Analyst, Application Security

Department Overview

The Global Technology organization designs, builds, and operates the platforms behind our global omni-channel experience. Within Global Technology, Global Cybersecurity Services (GCS) protects McDonald’s customers, crew, and brand by securing our digital ecosystem end-to-end.

The External Web Application and API Protection (E-WAAP) team is responsible for securing McDonald’s external web and API surfaces across web, mobile, and partner integrations using Akamai’s edge security platform (WAF, bot management, DDoS, CDN, and API security).

Duties

The Analyst, Application & API Security role is an entry-to-early-career position on the E-WAAP team.

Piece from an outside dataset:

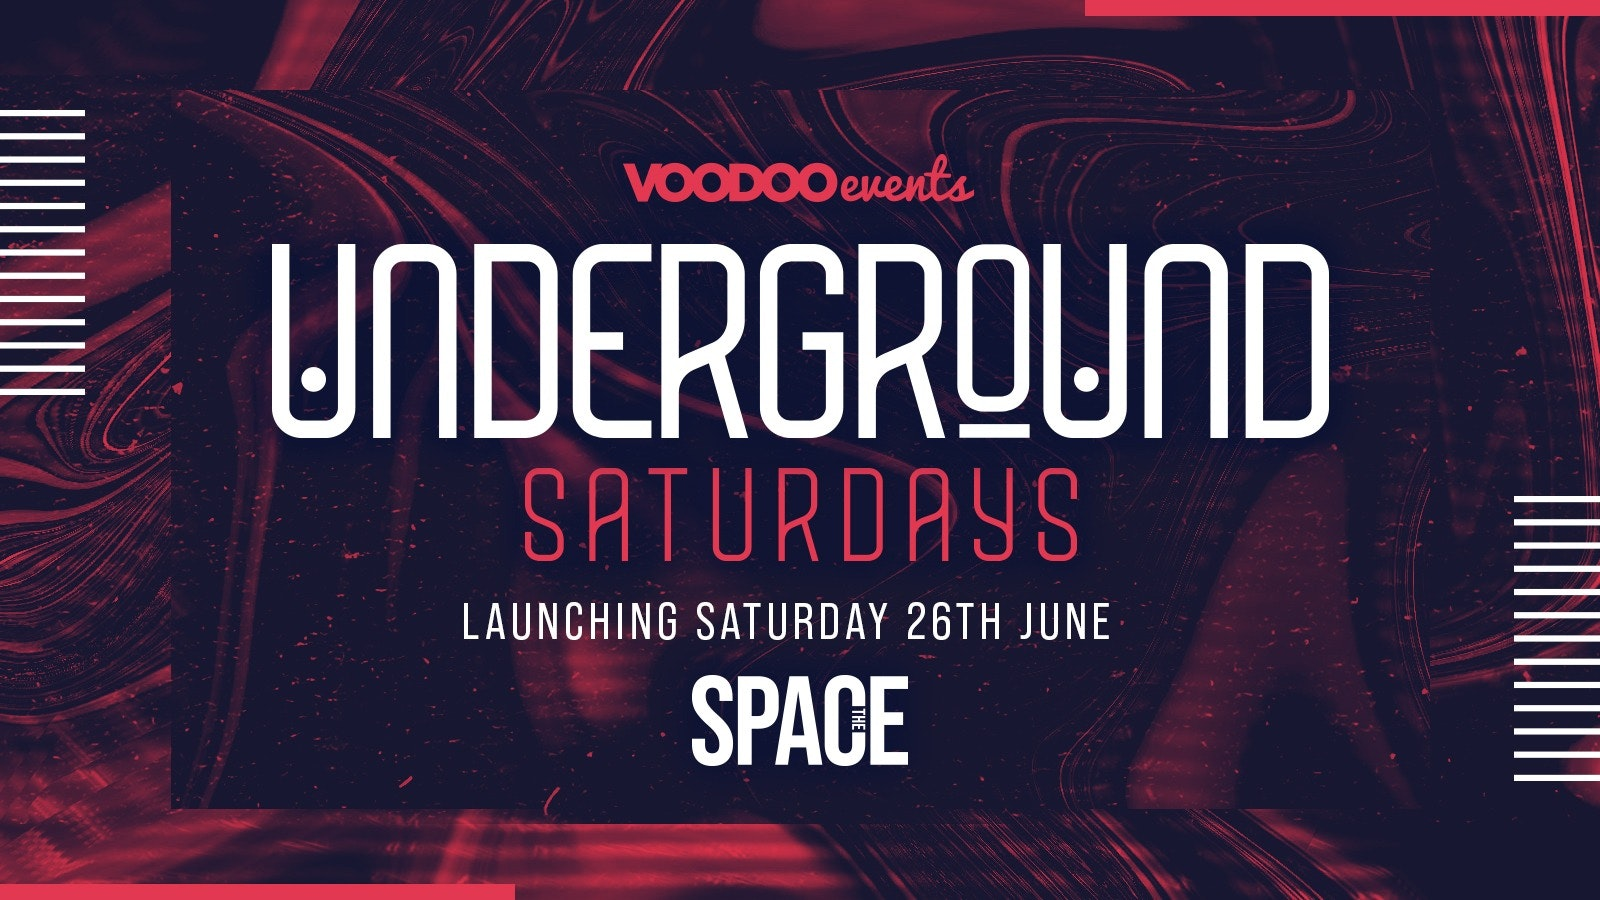 Underground Saturdays at Space – 3rd July
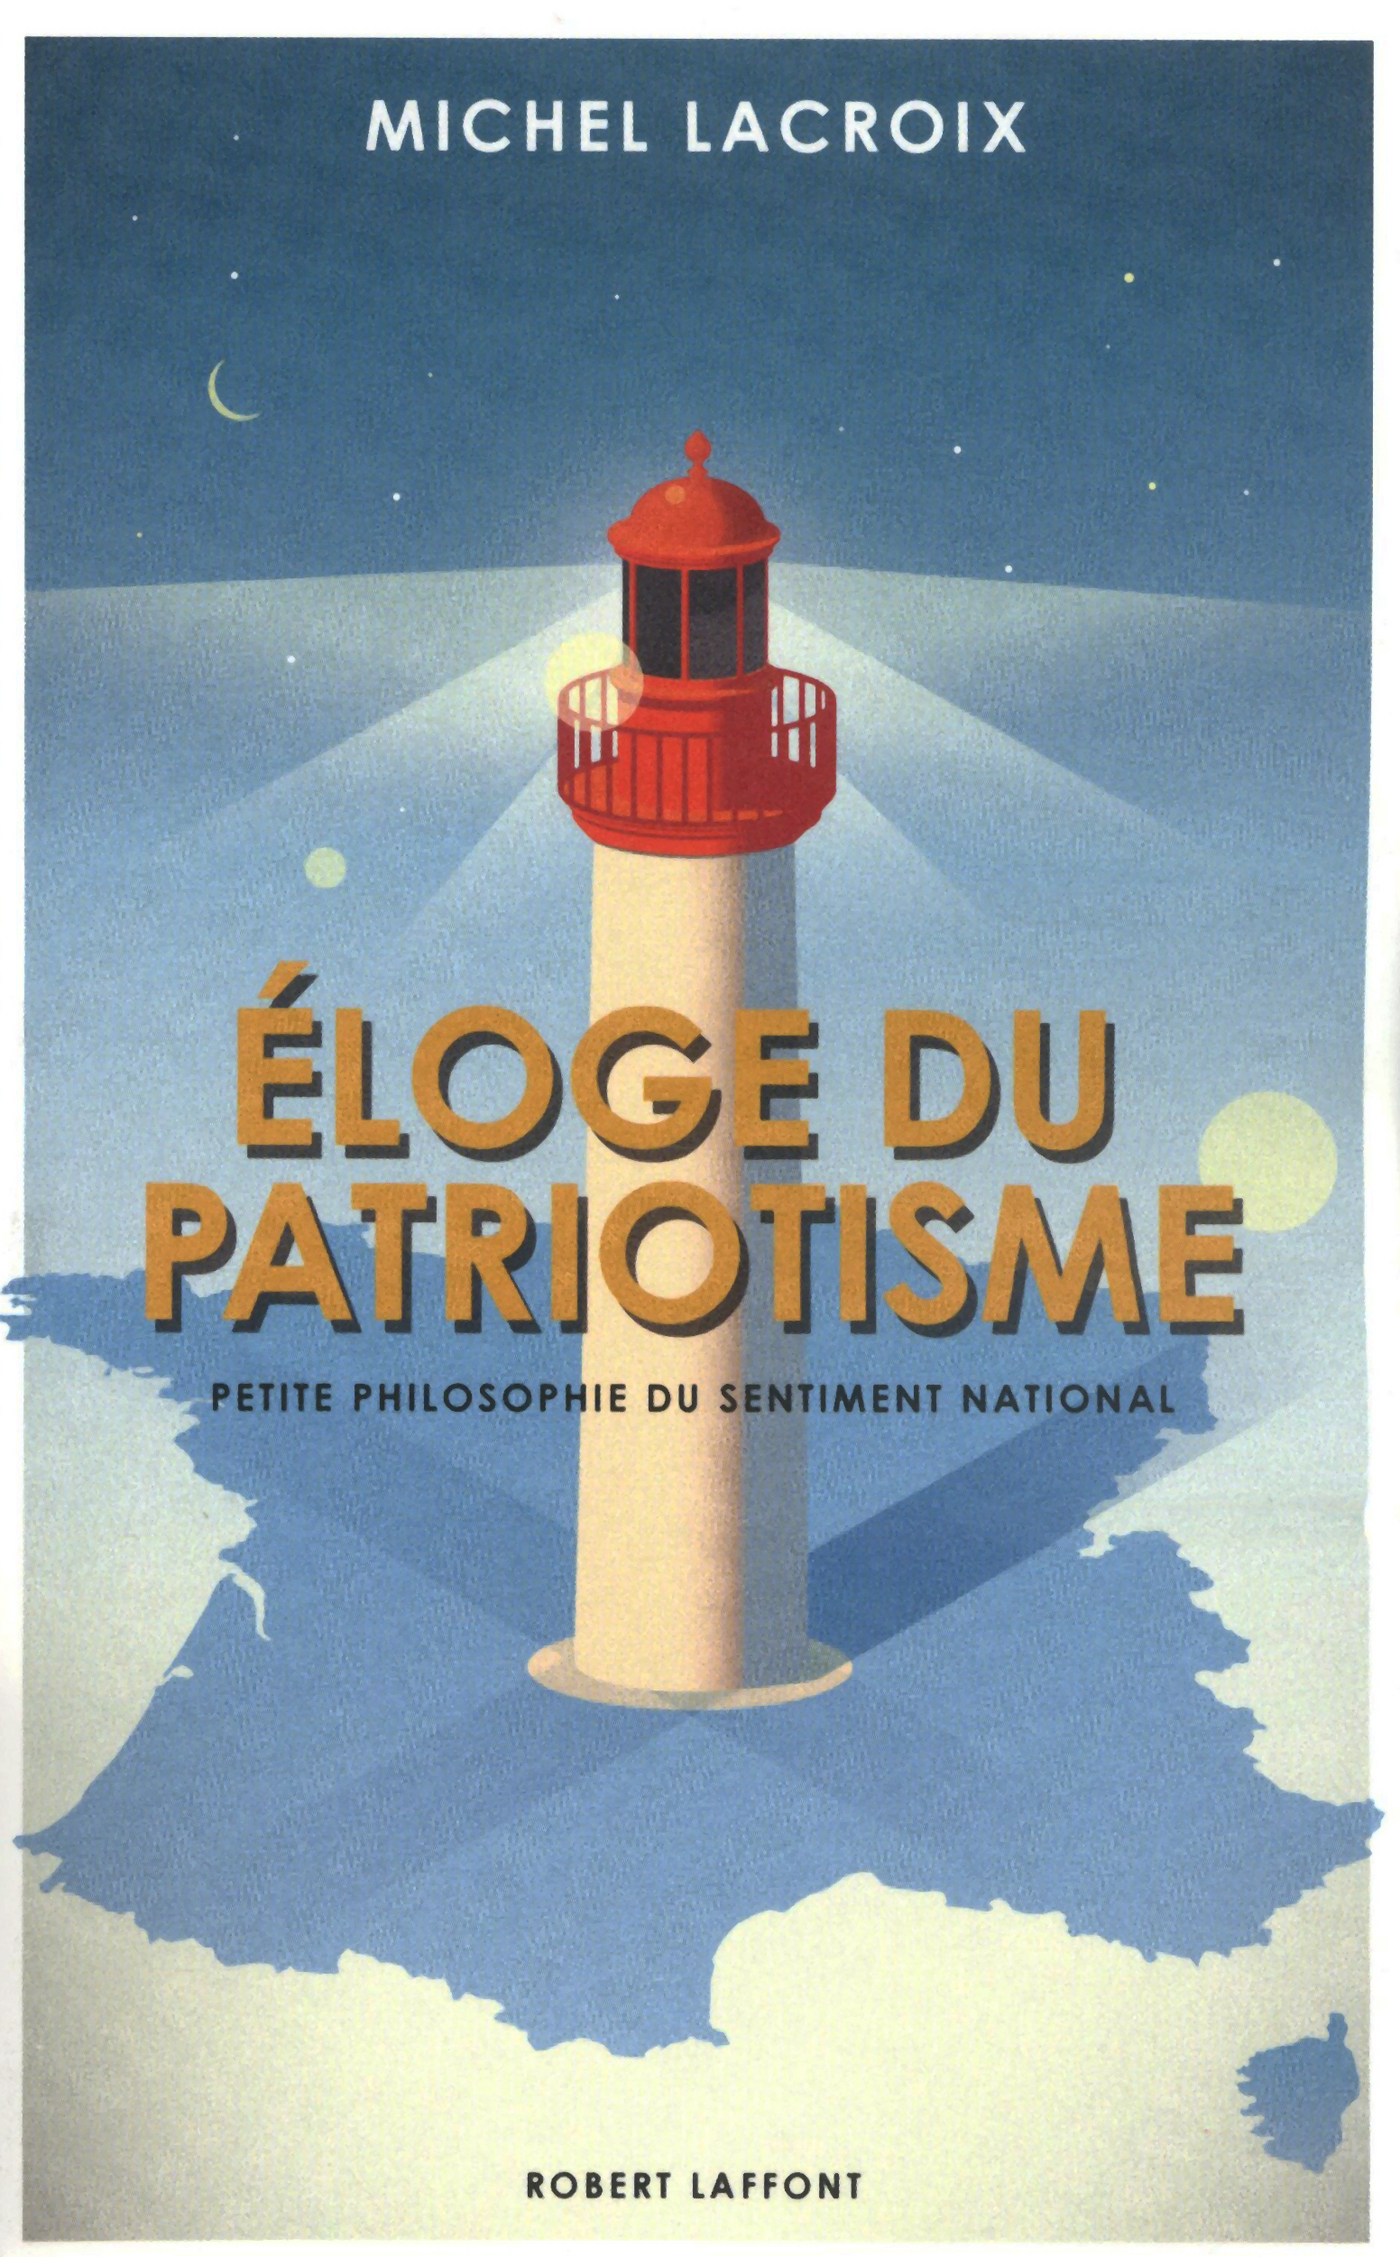 Eloge du patriotisme

As an Analyst, you focus on monitoring, initial triage, staging validation, and operational support for Akamai security configurations, working closely with Engineers and Senior Engineers.

This role is a strong starting point for a career in application security, platform engineering, or cloud security.

Responsibilities & Accountabilities:

• Monitoring & first-line triage
• Monitor Akamai dashboards (Grafana), alerts, and logs for unusual traffic, errors, or performance issues impacting web or API properties.
• Perform first-line triage on alerts and tickets, gather context (affected application, timeframe, changes), and escalate to Engineers with clear summaries.
• Track incidents, changes, and requests in ServiceNow/Jira and ensure work items are correctly categorized and updated.
• Staging & validation
• Support staging configuration reviews by validating that URLs, headers, origins, and basic WAF/route behavior match expectations.
• Execute standard validation playbooks (e.g., test paths, error scenarios, status codes) and document results for Engineers.
• Assist with post-change and post-deployment validations in production to confirm no negative user impact.
• Data analysis & reporting
• Collect and organize metrics related to WAF activity, attack trends, false positives, performance, and coverage; help prepare recurring reports.
• Perform basic log analysis using dashboards, queries, and filters to highlight spikes, notable patterns, or anomalies.
• Documentation & process
• Maintain and update Confluence pages, runbooks, and SOPs for common tasks (validation steps, intake requirements, escalation paths).
• Help improve onboarding and intake templates used by application teams when requesting E-WAAP services.
• Participate in Agile ceremonies to stay aligned on priorities and upcoming work, capturing action items and updating tickets.

Qualifications

Basic Qualifications

• Bachelor’s degree in computer science, Information Technology, Engineering, or equivalent practical experience.
• 2-5 years of relevant experience in IT operations, support, security, or a related internship / apprenticeship.

• Basic understanding of Linux or cloud environments and basic scripting (Python, Bash, PowerShell, or similar).
• Basic Understanding of HTTP, TLS, DNS, CDN, SDK concepts, and basic web development (HTML, JavaScript, APIs).

• Basic understanding of web technologies (HTTP, browsers, simple web application behavior) and an interest in security.
• Comfort working with dashboards, logs, and ticketing tools (e.g., ServiceNow, Jira).
• Strong attention to detail, curiosity to learn, and willingness to follow structured processes and documentation.

Preferred Qualifications

• Exposure to any WAF/CDN platform (Akamai, Cloudflare, F5, etc.) through coursework, labs, internships, or self-learning.
• Experience using collaboration tools (Confluence, Jira, Teams) in a team environment.